It’s not correct to say “floating point is inaccurate”, although I admit that’s a useful simplification. If we used base 8 or 16 in real life then people around here would be saying “base 10 decimal fraction packages are inaccurate, why did anyone ever cook those up?”.

The problem is that integral values translate exactly from one base into another, but fractional values do not, because they represent fractions of the integral step and only a few of them are used.

Floating point arithmetic is technically perfectly accurate. Every calculation has one and only one possible result. There *is* a problem, and it is that *most* decimal fractions have base-2 representations that repeat.
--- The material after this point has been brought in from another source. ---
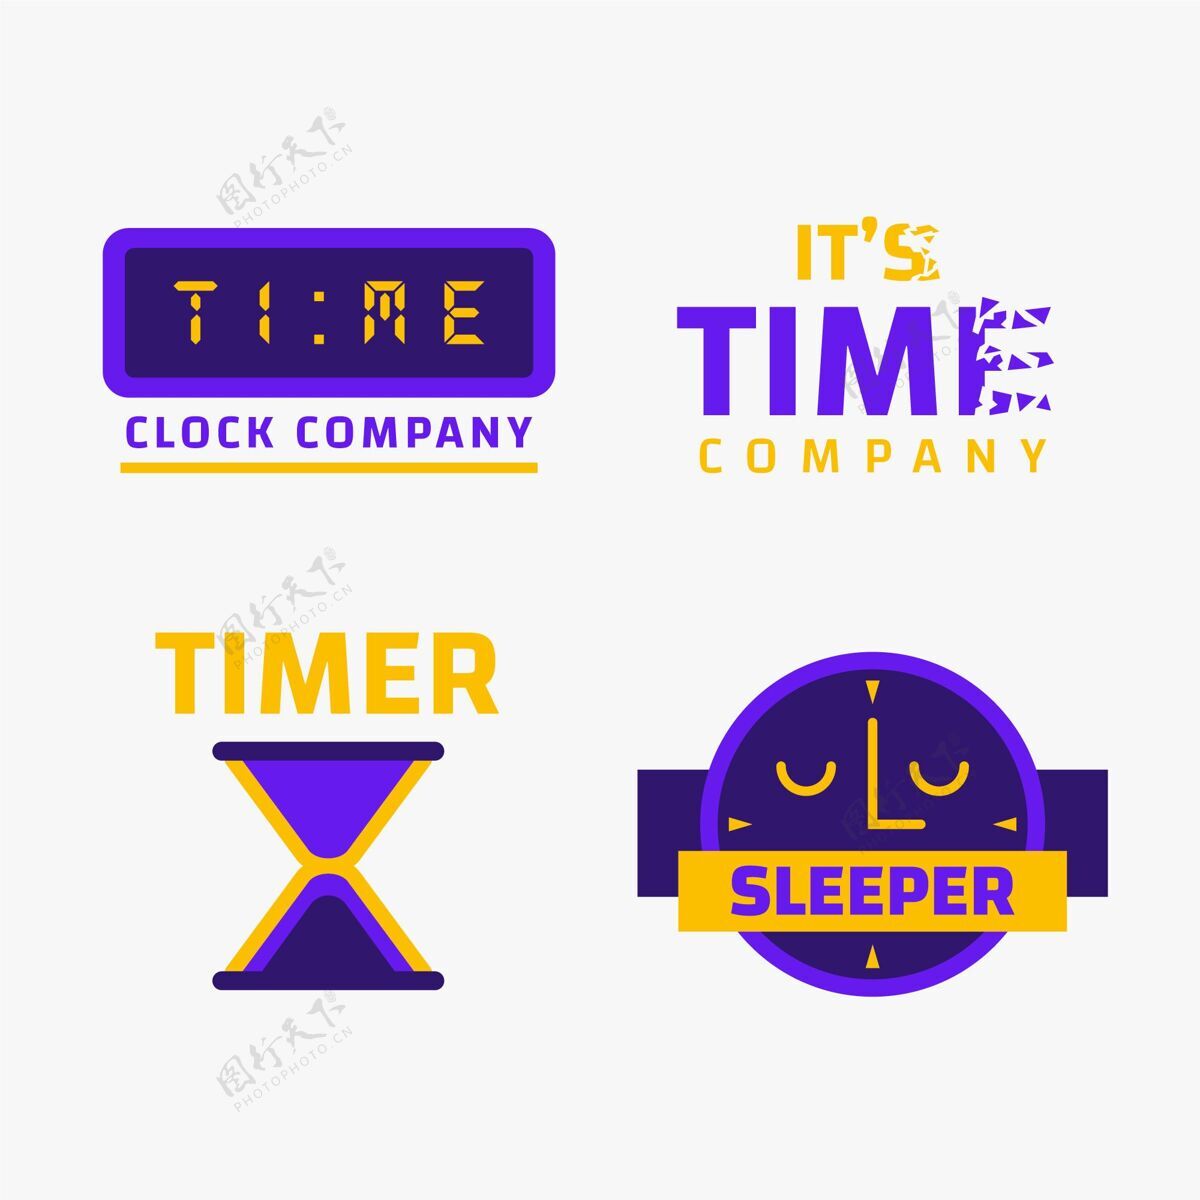 品牌时间标志模板集时间标识企业标识

In fact, in the sequence 0.01, 0.02, … 0.99, only a mere 3 values have exact binary representations. (0.25, 0.50, and 0.75.) There are 96 values that repeat and therefore are obviously not represented exactly.

Now, there are a number of ways to write and read back floating point numbers without losing a single bit. The idea is to avoid trying to express the binary number with a base 10 fraction.

- Write them as binary. These days, everyone implements the IEEE-754 format so as long as you choose a byte order and write or read only that byte order, then the numbers will be portable.
- Write them as 64-bit integer values. Here you can use the usual base 10. (Because you are representing the 64-bit aliased integer, not the 52-bit fraction.)

You can also just write more decimal fraction digits. Whether this is bit-for-bit accurate will depend on the quality of the conversion libraries and I’m not sure I would count on perfect accuracy (*from the software*) here. But any errors will be exceedingly small and your original data certainly has no information in the low bits. (None of the constants of physics and chemistry are known to 52 bits, nor has any distance on earth ever been measured to 52 bits of precision.) But for a backup or restore where bit-for-bit accuracy might be compared automatically, this obviously isn’t ideal.